Survey of the seroprevalence of brucellosis in ruminants in Tajikistan

2007 
BRUCELLOSIS due to Brucella melitensis causes reproductive wastage and reduced milk production in affected livestock and is an important zoonosis. The disease in human beings is serious and long-lasting, and often results in chronic and disabling sequelae. In Tajikistan, the disease was apparently reasonably well controlled in Soviet times by a state-mandated control programme that relied mainly on test and slaughter and some vaccination with Brucella abortus strain 82 vaccine. The serious deterioration in disease control programmes following independence from the Soviet Union in 1991 led to disease breakdowns like those experienced in similarly affected countries such as Kazakhstan (Taleski and others 2002) and Kosovo (Jackson and others 2004). There are now widespread concerns among public health agencies that the incidence of the disease in human beings is increasing, but lack of funds, numerous small farm units, outdated legislation, disruption to communications in winter and uncontrolled movements of livestock are major impediments to the disease control programmes undertaken by the Tajikistan Ministry of Agriculture. Subsistence farming has been widely practised in Tajikistan since the early 1990s following the divestment of state-owned collective farming systems to private ownership of animals. Now, approximately 80 per cent of households own livestock, mostly sheep and goats and smaller numbers of cattle. Kishlak (village) household flocks and herds are grazed collectively close by as a unit for most of the year, but many kishlaks participate in annual migrations to highaltitude summer pastures where the flocks and herds are grazed collectively.
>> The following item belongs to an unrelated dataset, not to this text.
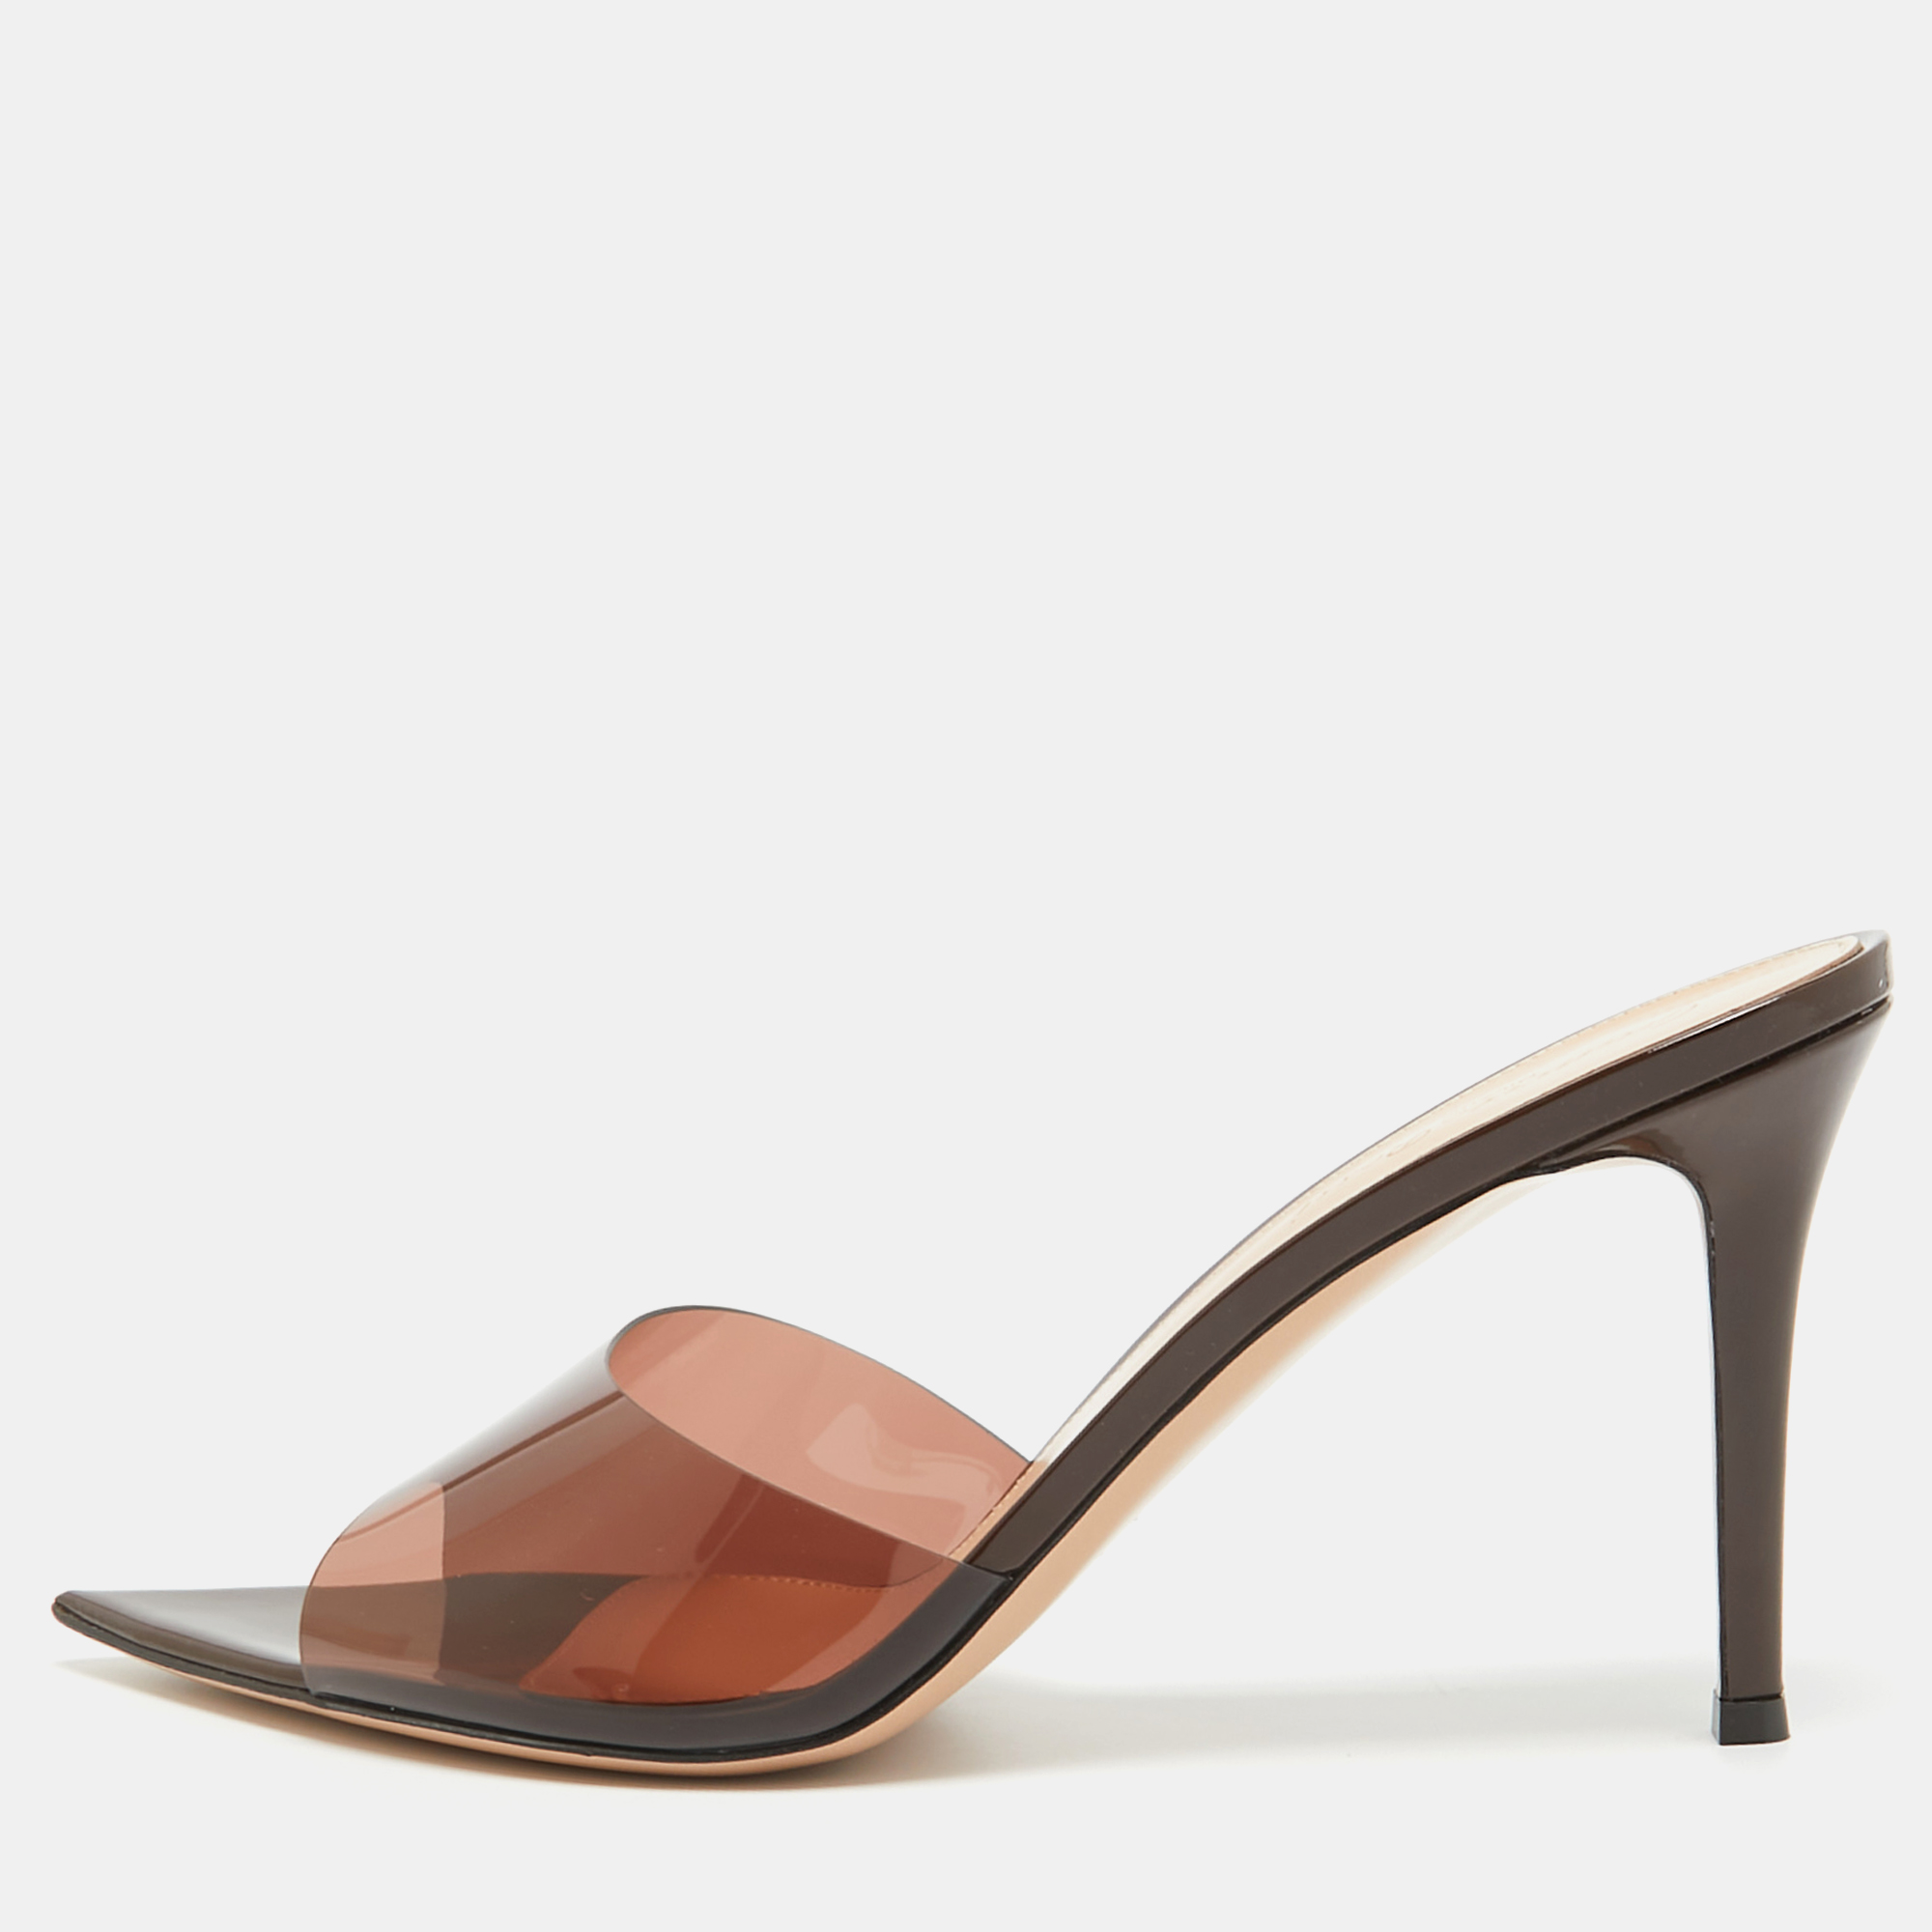 Gianvito rossi brown pvc elle slide sandals size 42

The productivity of the livestock is generally low owing to poor utilisation of pastures, uncontrolled breeding, low reproduction rates, and high mortalities of young sheep and goats due to diseases such as peste des petits ruminants and foot-and-mouth disease. The objectives of this survey were, first, to determine the seroprevalence of brucellosis in sheep and goats in two of the four oblasts (provinces) in Tajikistan, that is, the Region of Republican Subordination (RRS) and Khatlon, in sheep, goats and cattle in urban kishlaks (suburban villages) in the cities of Kurgan Tube and Dushanbe, and in cattle on 11 government dairy farms; and secondly, to provide information that could be used in human and animal disease control programmes.